Reinforcement learning, which involves teaching an AI agent a new task using a trial and error methodology, often requires the assistance of a human expert to create and modify the reward function. However, this can be time-consuming, inefficient and difficult to upscale, particularly when the task is highly complex and involves several stages. In response to these issues, researchers at MIT, the University of Washington and Harvard University have been developing a new type of reinforcement learning that harnesses feedback from nonexpert users to guide the AI agent in the right direction.
Unlike other reinforcement learning techniques, which can be hampered by the level of errors often found in data crowdsourced by nonexperts, this new approach allows the agent to learn more swiftly and efficiently. Furthermore, feedback can be gathered asynchronously, meaning nonexpert users from around the globe can participate in training the agent.
This method holds potential for allowing robots to quickly learn how to conduct specific tasks in a user’s home environment, without requiring the homeowner to physically show the robot an example of each individual task. The robot could instead discover how to complete tasks autonomously, with nonexpert, crowdsourced feedback lending guidance along the way.
The process is divided into two distinct sections, each led by its own algorithm. The Human Guided Exploration (HuGE) method relies on a goal selector algorithm, which is consistently updated with crowdsourced human feedback. Rather than being used as a reward function, this feedback serves to shape the agent’s exploration process. In this way, nonexpert users pave a breadcrumb trail that incrementally guides the AI agent towards its objective. Simultaneously, the agent explores autonomously in a self-supervised style steered by the goal selector, collecting images and video clips of actions it attempts, which are subsequently used to refine the goal selector and help to refine the areas the agent explores.
This method was tested both in simulated and real-world situations, in which it quickly and effectively completed tasks by employing a combination of long sequences of actions.
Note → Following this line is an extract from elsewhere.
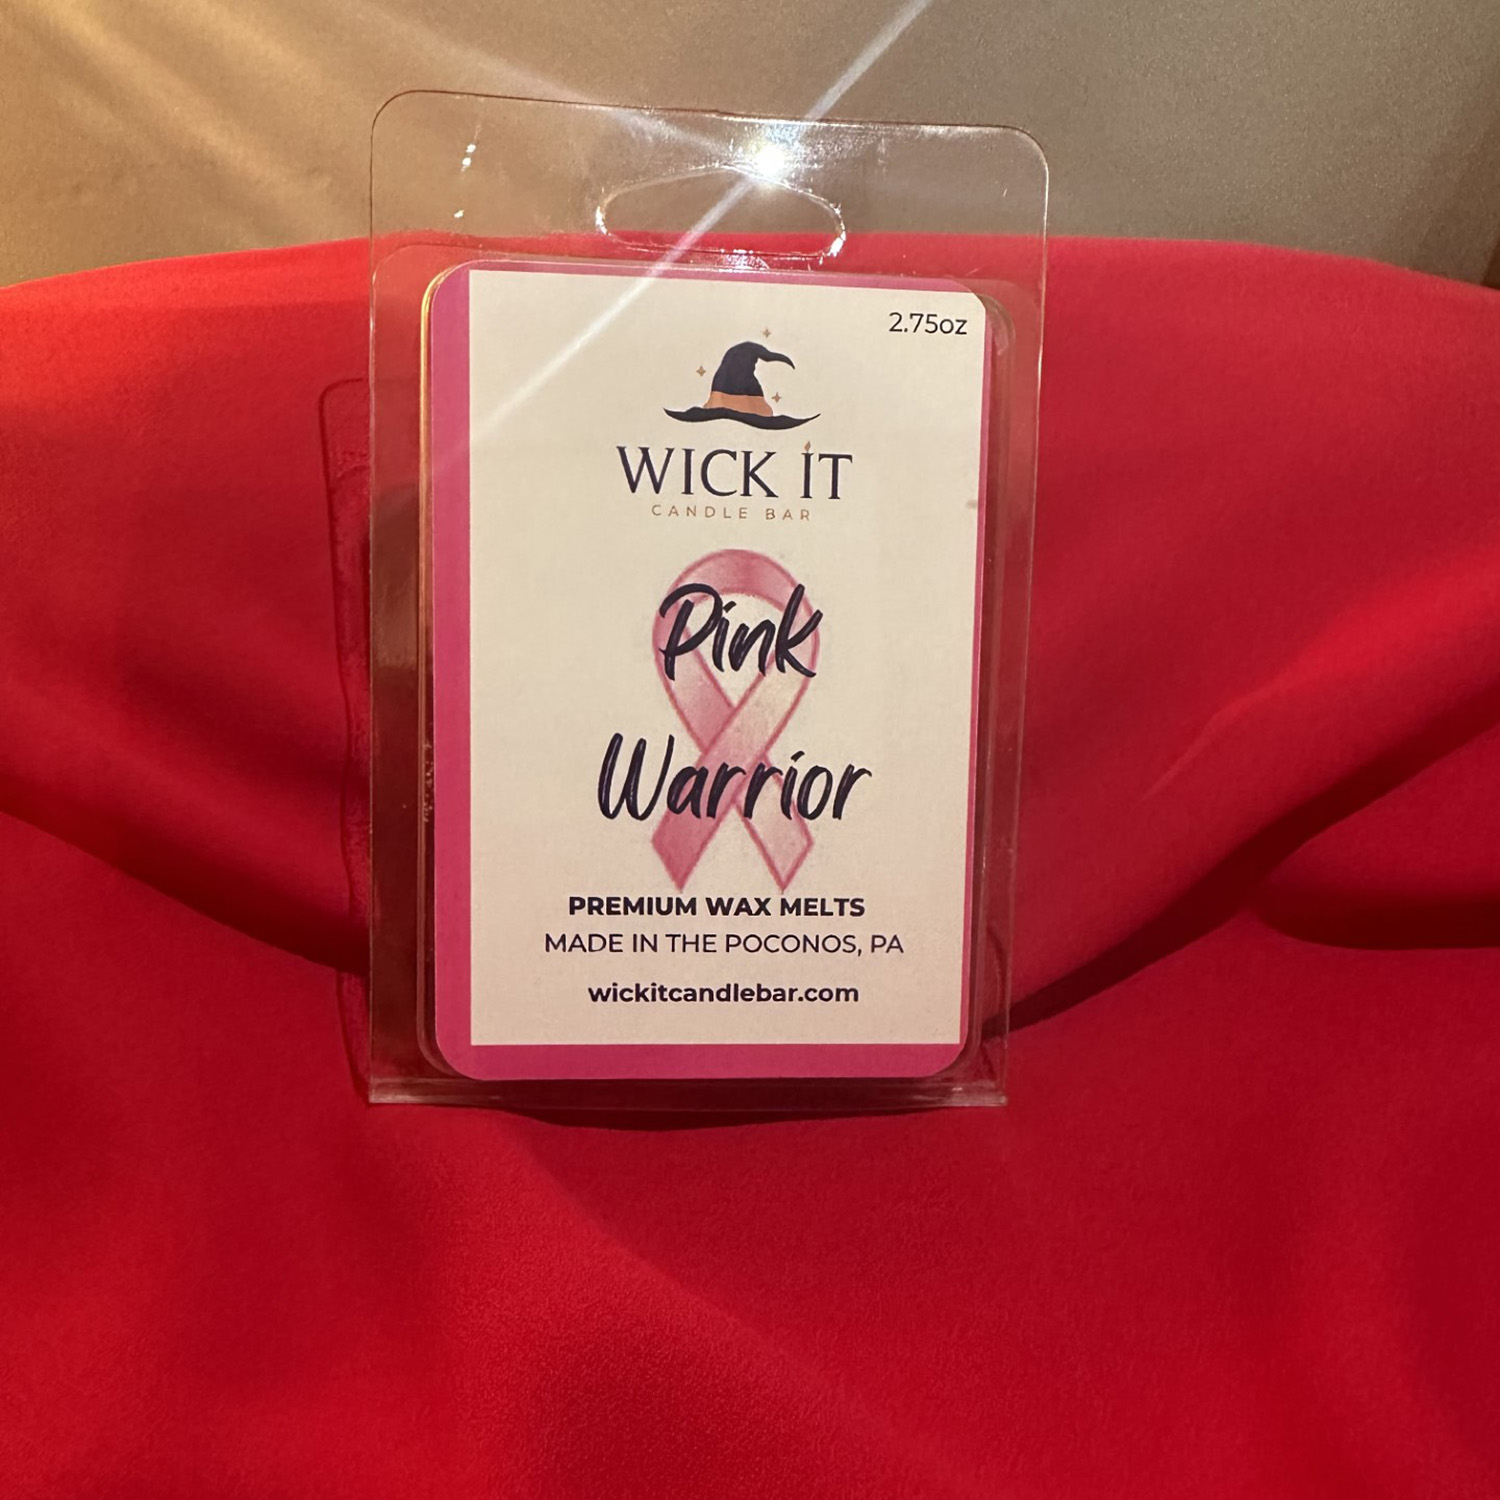 Wick It Candle Bar Pink Warrior Wax Melt | 6 Pack
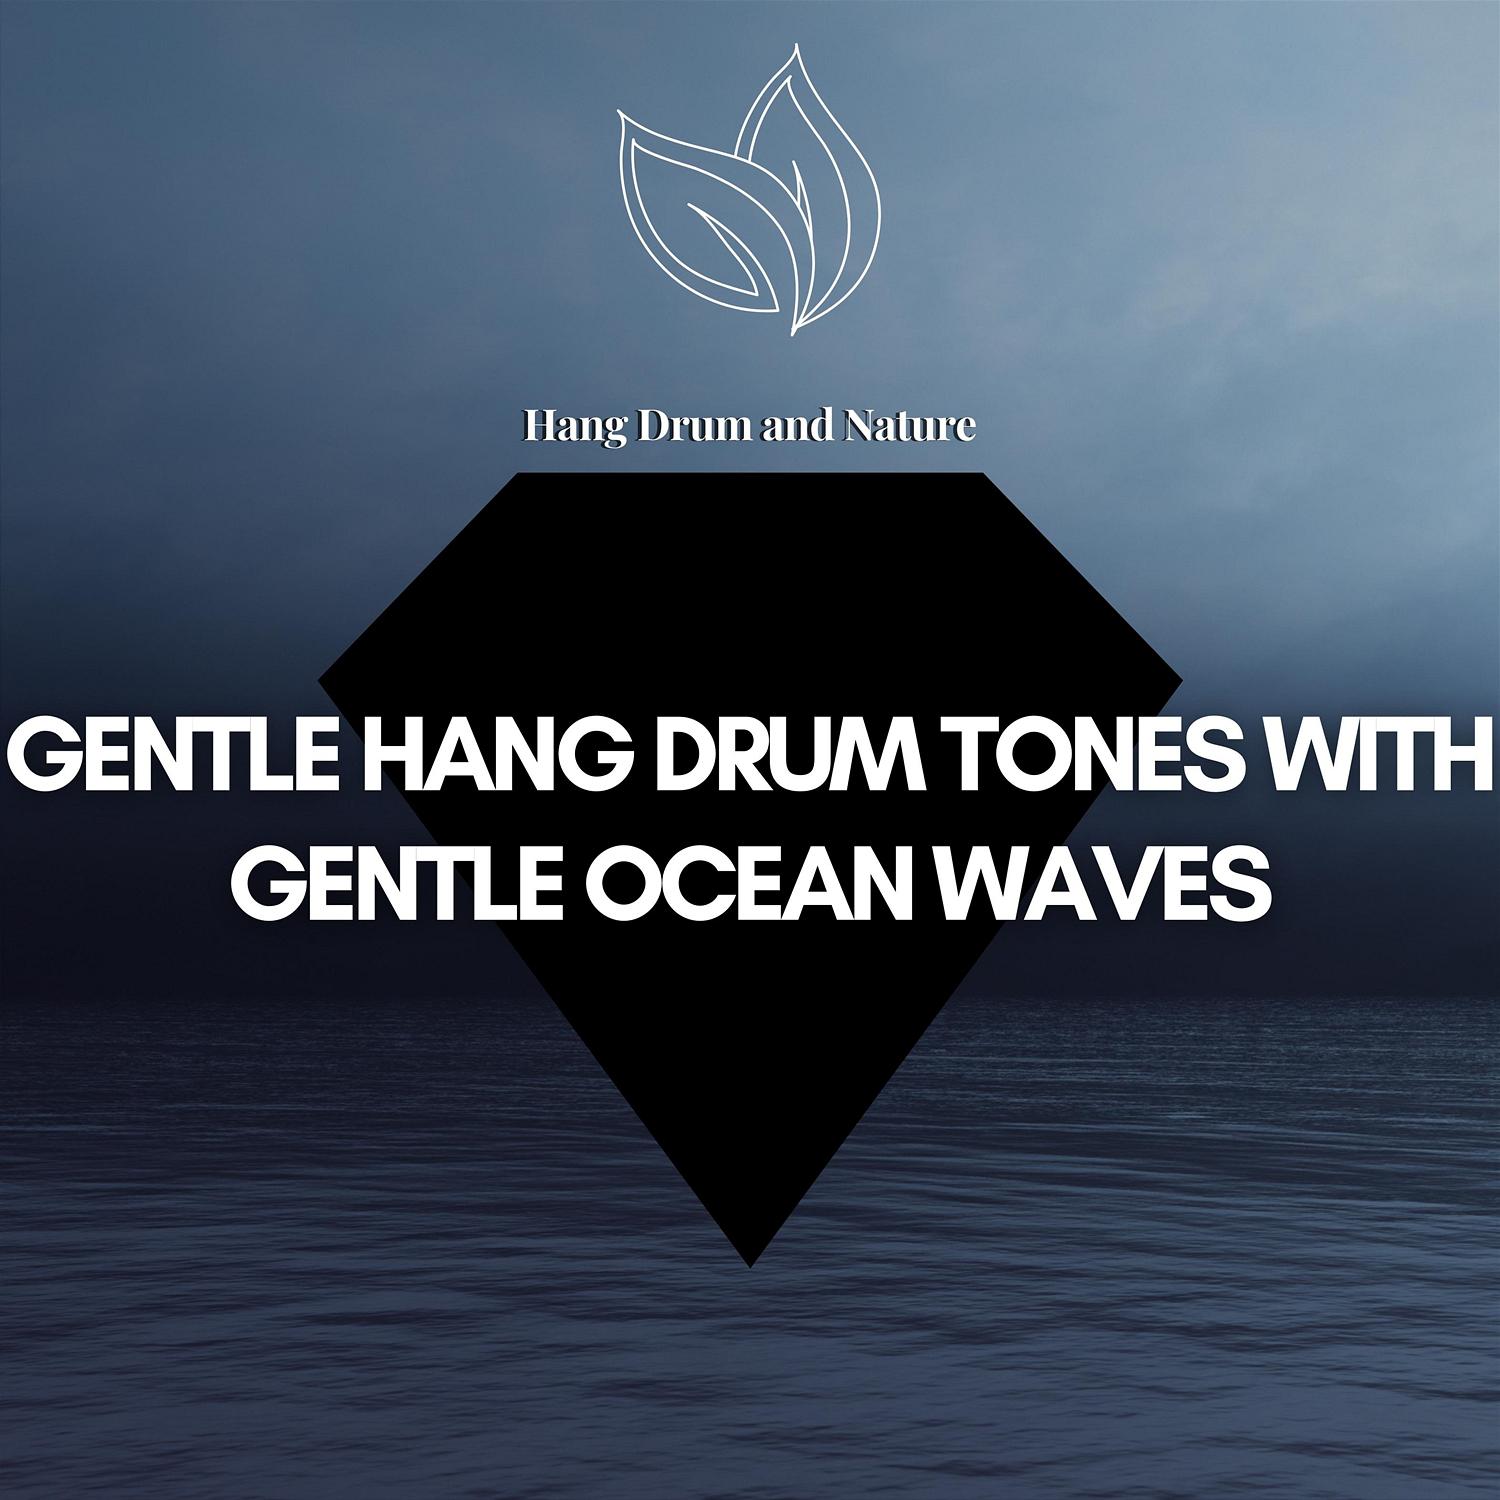 Hang Drum - Luminescence - with Sea Sound

In real-world experiments, the technique was used to teach robotic arms how to draw the letter ‘U’ and pick up and move objects, using data crowdsourced from over 100 nonexpert users situated in 13 countries across three continents. In both experiments, HuGE was able to assist agents in completing the tasks swiftly than other methods.
In future, the researchers are eager to expand HuGE so the agent can learn from various other forms of communication, like physical interaction with the robot and natural language. They are also interested in employing this methodology to instruct numerous agents at the same time.